A centerpiece of her work is biofeedback—technology-assisted training that helps the brain establish healthier patterns by reinforcing desired states and extinguishing maladaptive ones. She explains how this can reset nervous-system responses, sometimes preparing individuals to benefit more from talk therapy than they otherwise would. Grounded in the science of neuroplasticity, the approach aims to reduce chronic fight/flight/freeze states that undermine learning, health, and behavior after trauma exposure.

Dana outlines her Restore Method, which integrates biofeedback, counseling, and practical daily interventions. The program typically includes a six-week at-home phase followed by a two-week intensive, addressing body, soul, and spirit while leveraging community support through Restore Plus. She also discusses adjunct techniques such as tapping for releasing energy blocks, and she highlights the importance of addressing attachment—both early-life bonding and “earned” secure attachment in adulthood—as a foundation for relational and emotional stability.

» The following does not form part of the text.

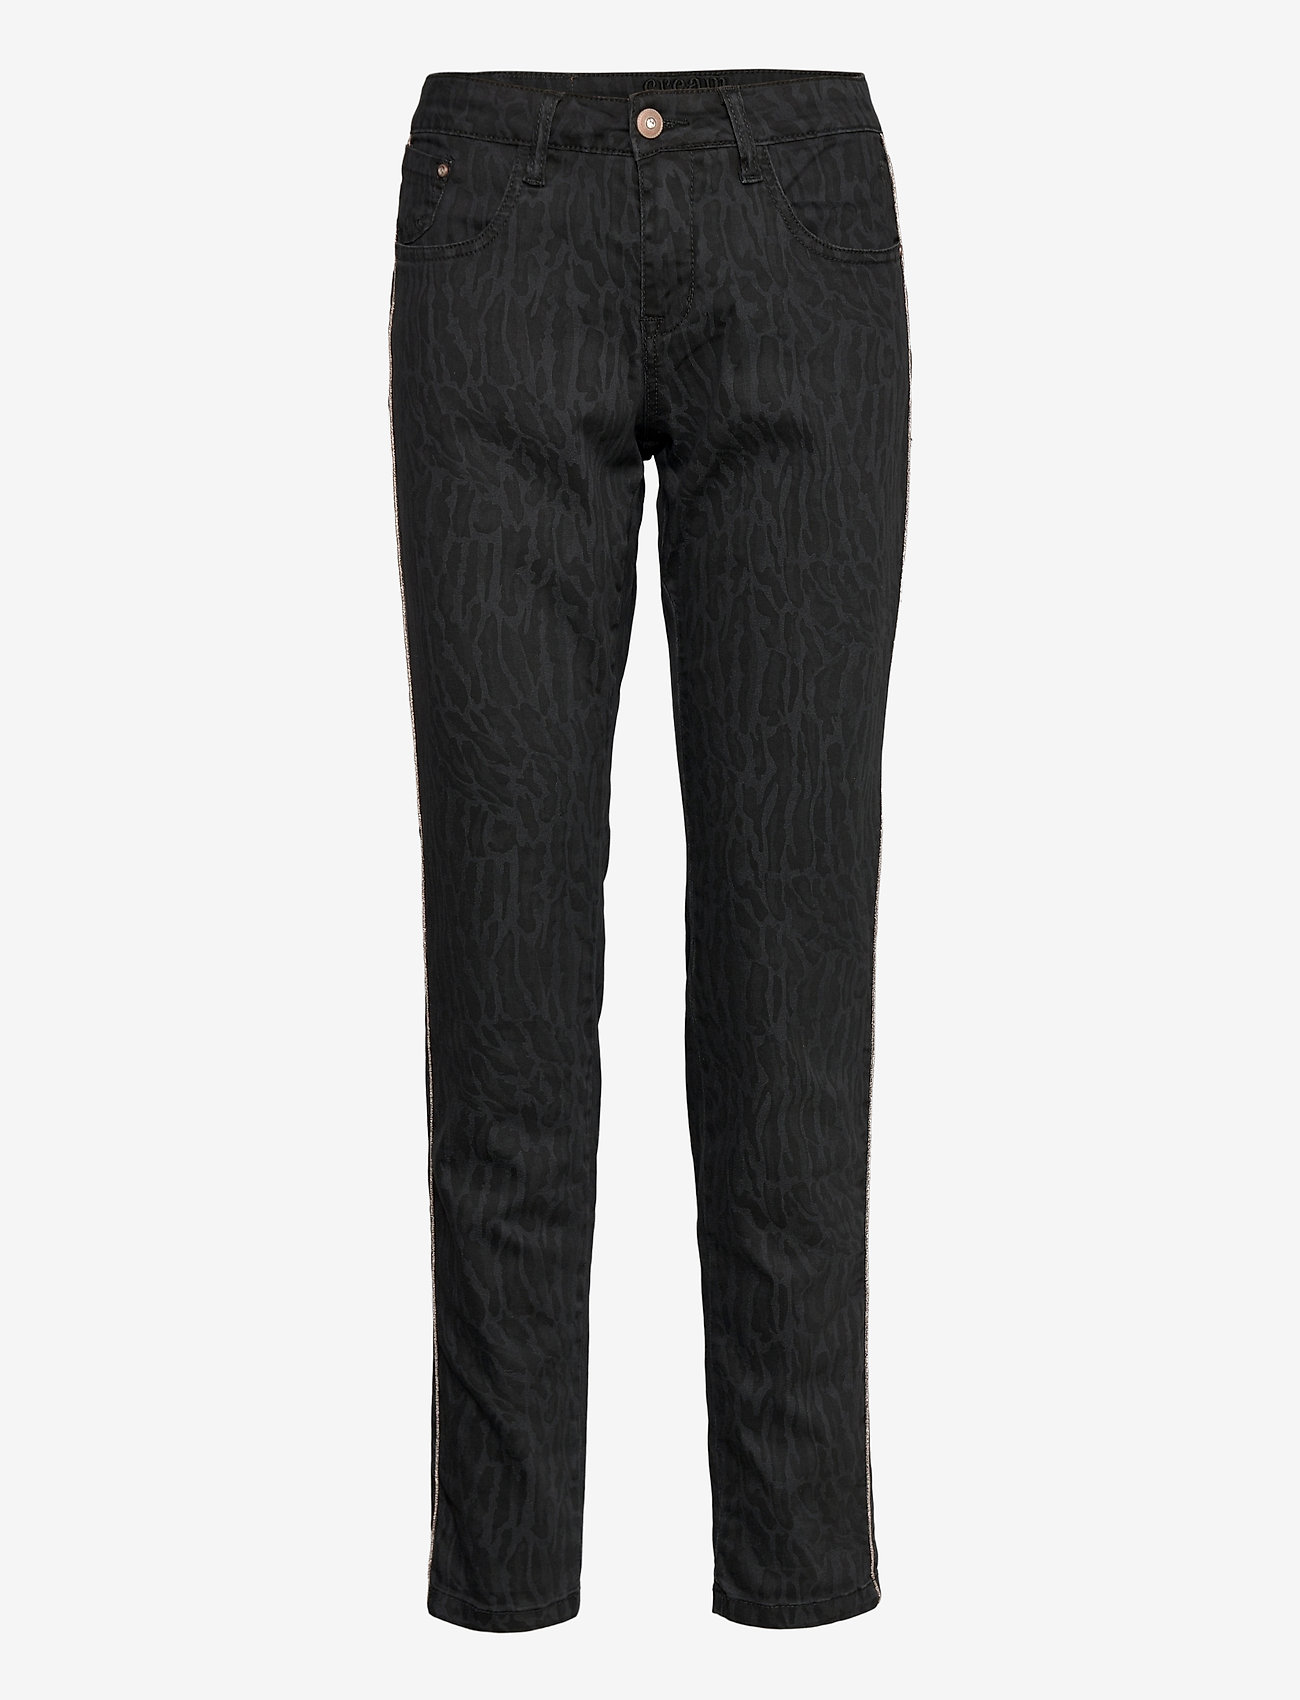 Cream - LotteCR Printed Twill Pants - Coco - slim jeans - grey toned tiger - 0

Finally, she underscores lifestyle as mental-health infrastructure: nutrition, sleep, and reducing stimulants like sugar and caffeine are presented as nonnegotiables, particularly given the gut-brain connection. Looking systemically, Dana calls for policies and practices that keep children safely with their families whenever possible, offering practical supports that prevent the churn of placements. Her thesis is clear: a compassionate, evidence-aligned ecosystem—combining physiological regulation, counseling, and everyday habits—can better serve children and families than medication-first, placement-heavy defaults.